◆ **Required action**
Copy out exactly, from the entries that follow, the line holding "Set mobilier jardin", the line holding "ArtStation - Custom", and all lines between them, but no pictures.

-------- Data provided --------

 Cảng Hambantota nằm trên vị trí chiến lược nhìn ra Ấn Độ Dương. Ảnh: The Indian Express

--------
-------- Data provided --------

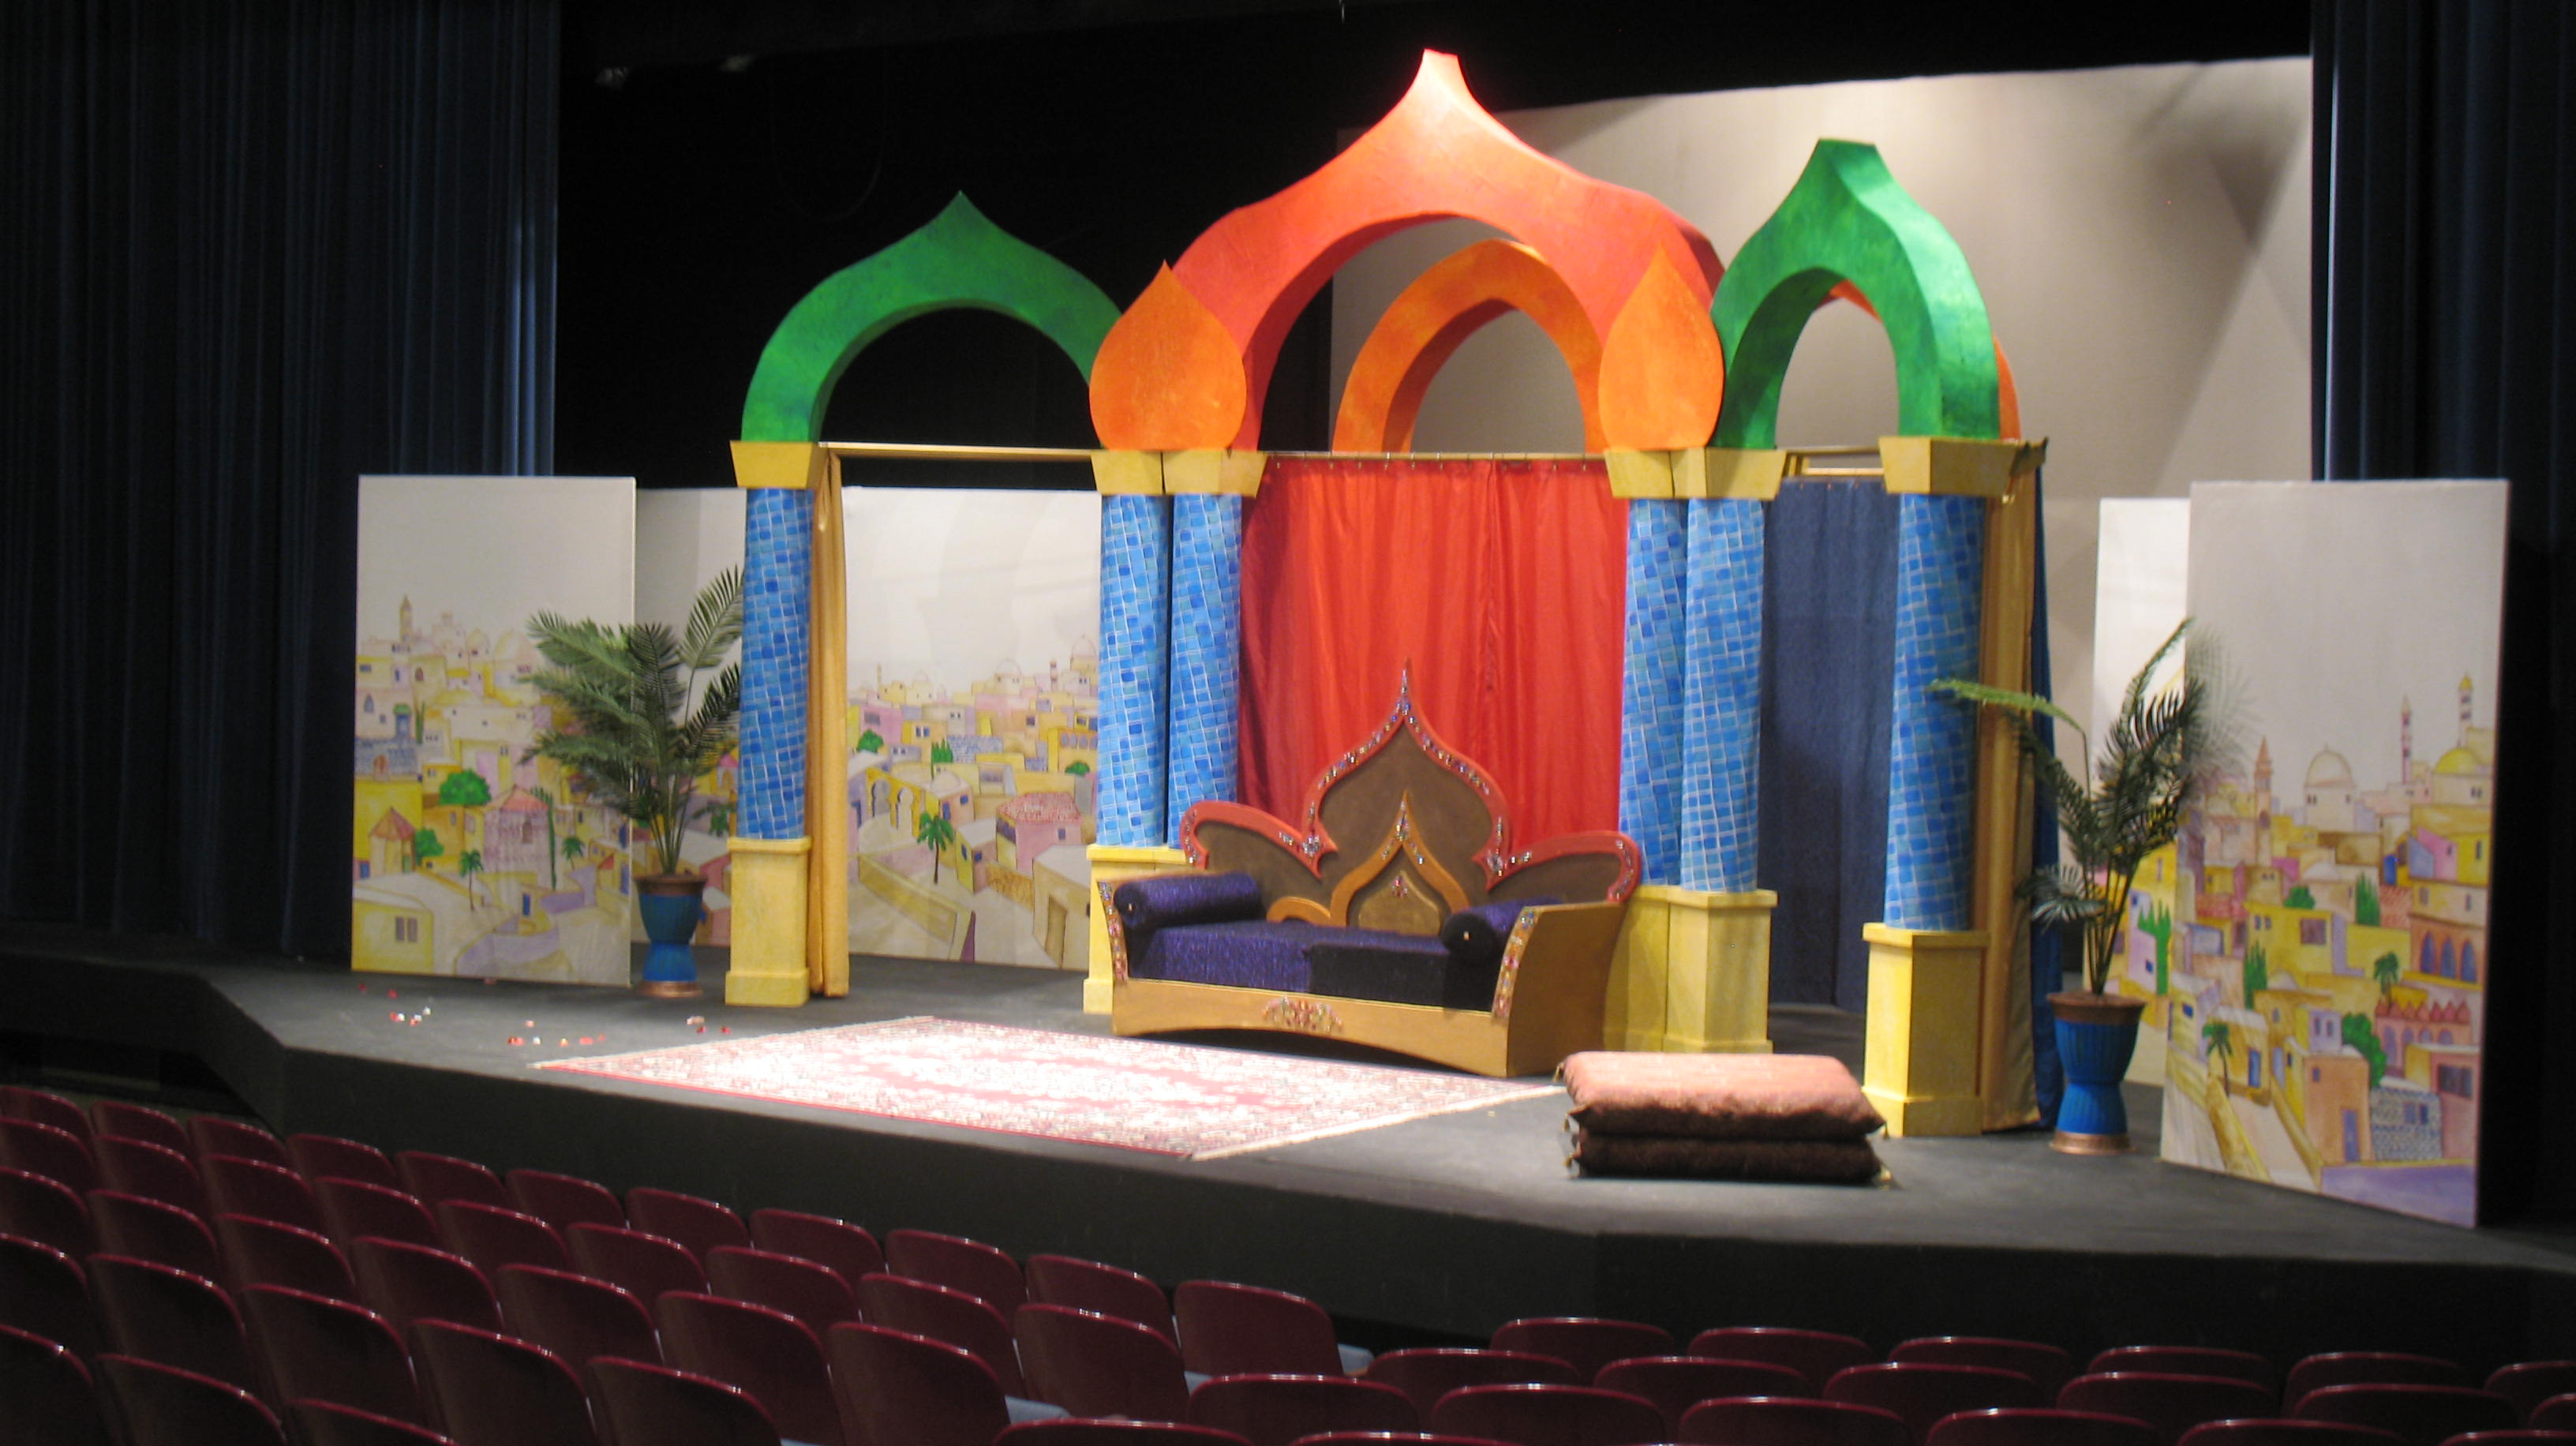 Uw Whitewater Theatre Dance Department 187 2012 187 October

--------
-------- Data provided --------

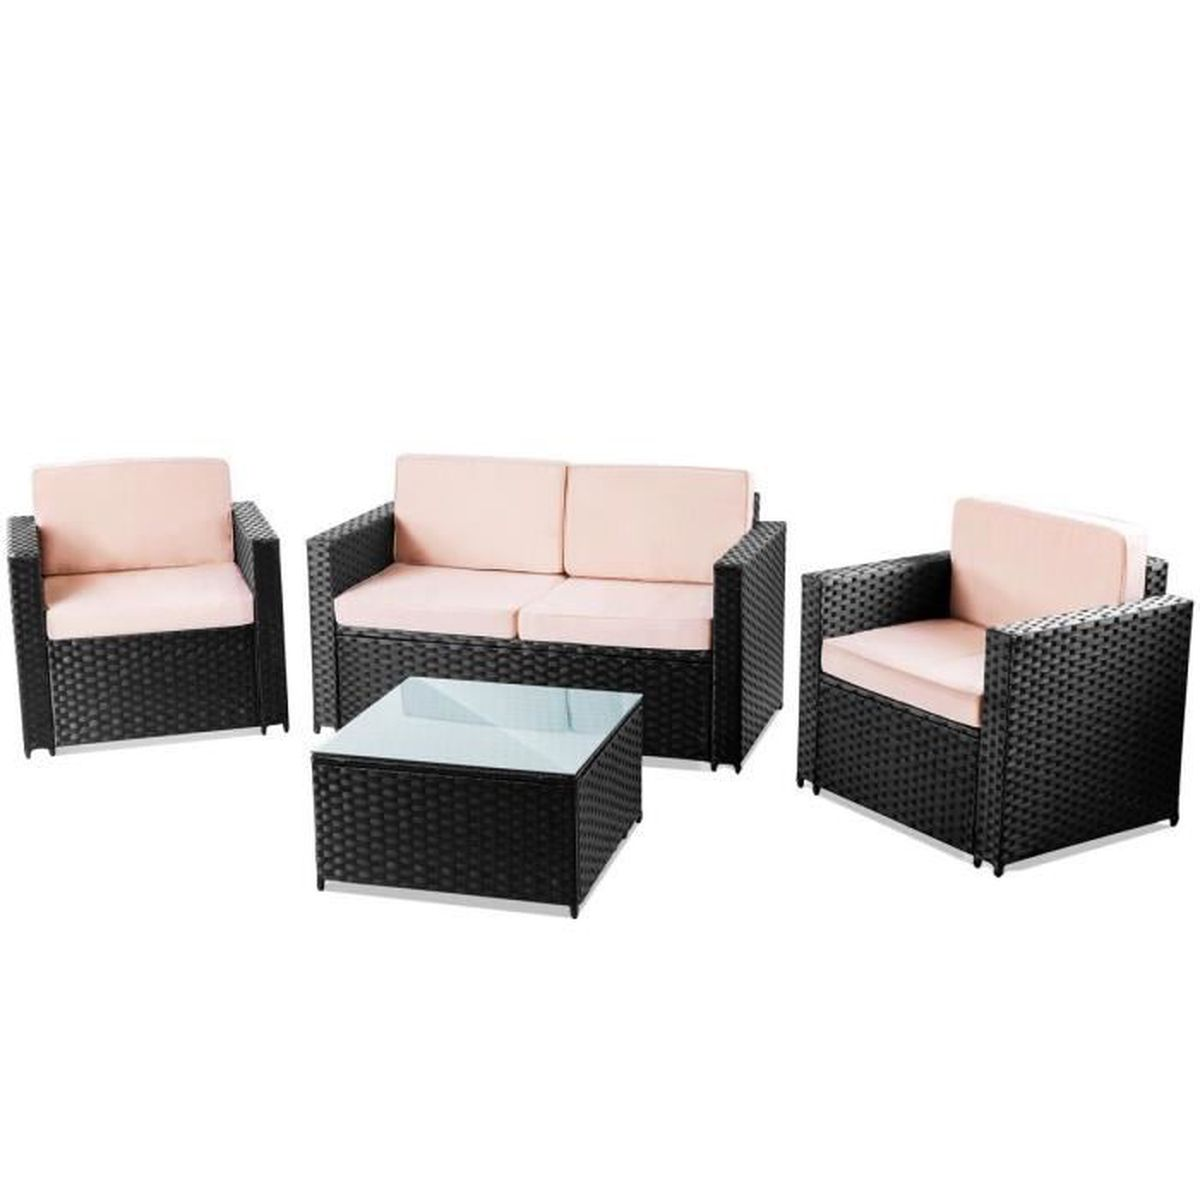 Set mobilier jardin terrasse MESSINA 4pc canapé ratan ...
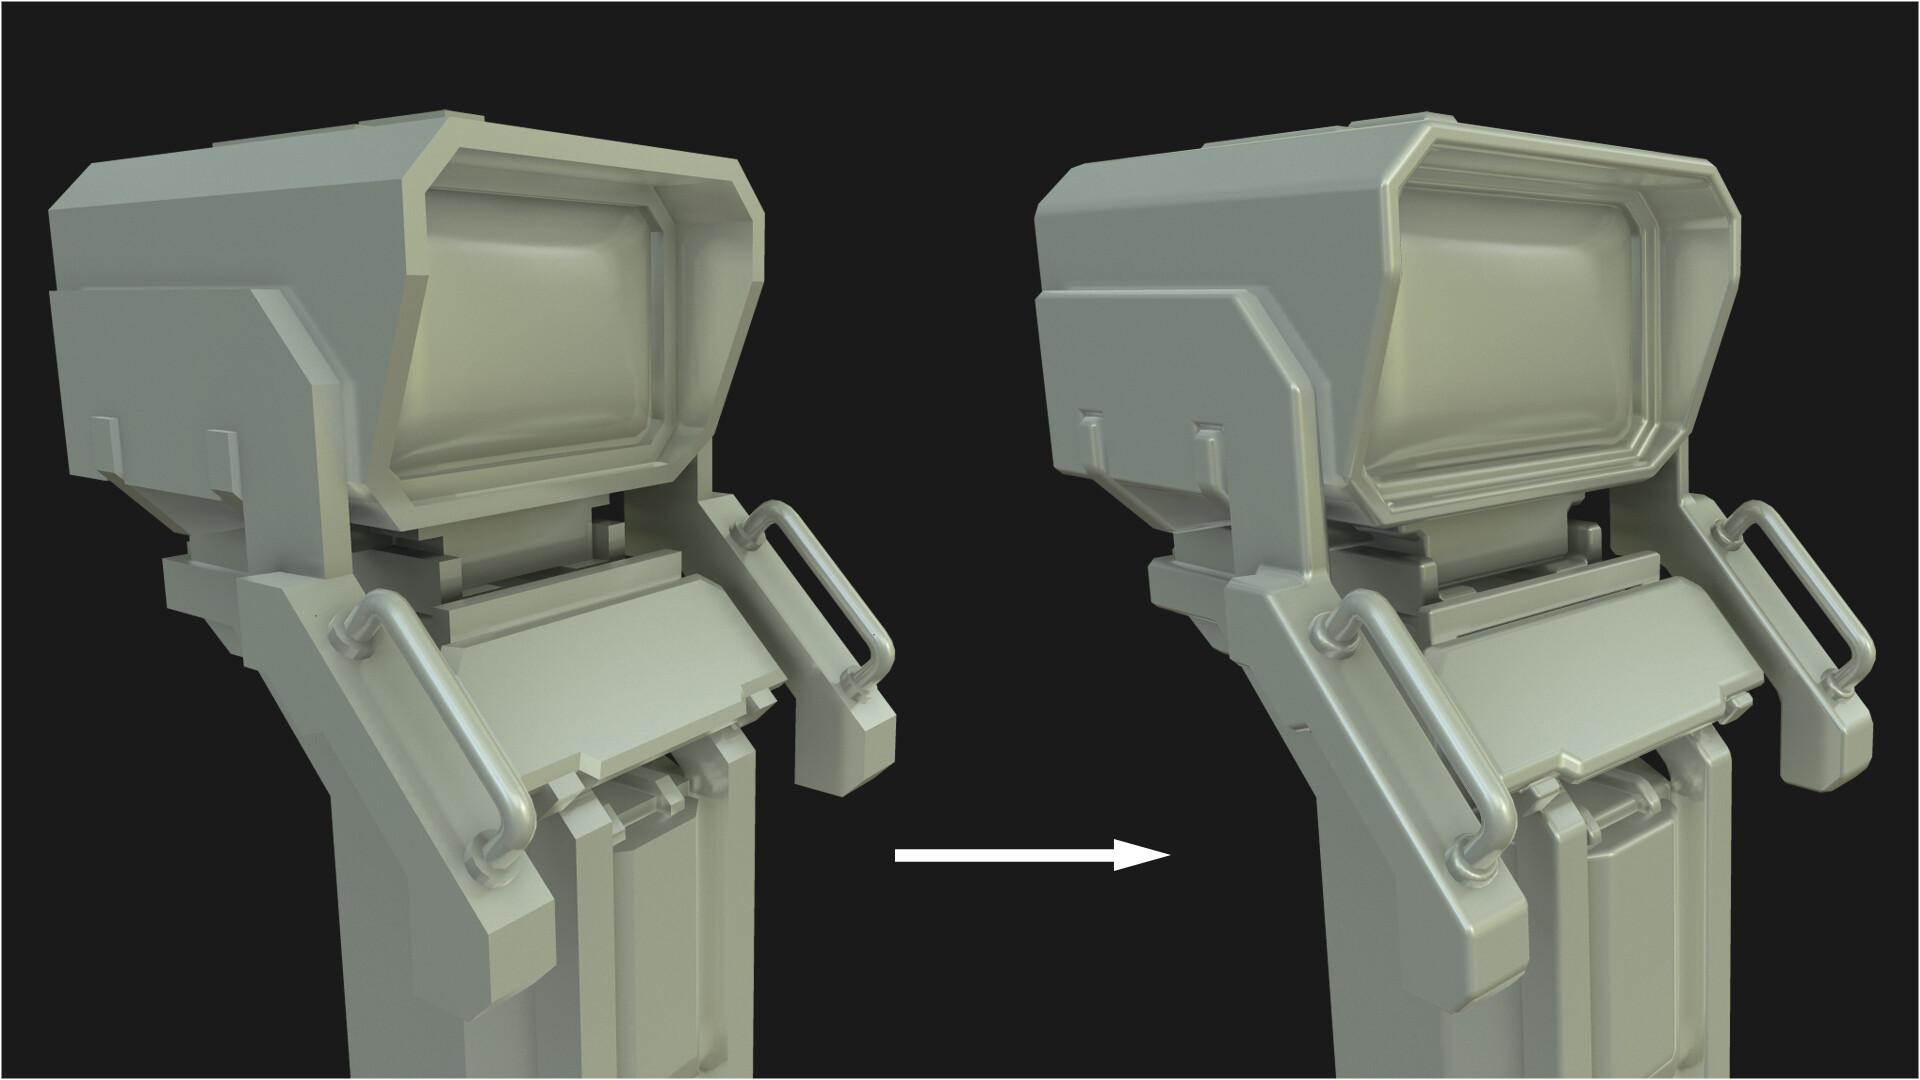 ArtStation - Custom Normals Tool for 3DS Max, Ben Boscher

--------

◆ **Task solution**
 Set mobilier jardin terrasse MESSINA 4pc canapé ratan ...
 ArtStation - Custom Normals Tool for 3DS Max, Ben Boscher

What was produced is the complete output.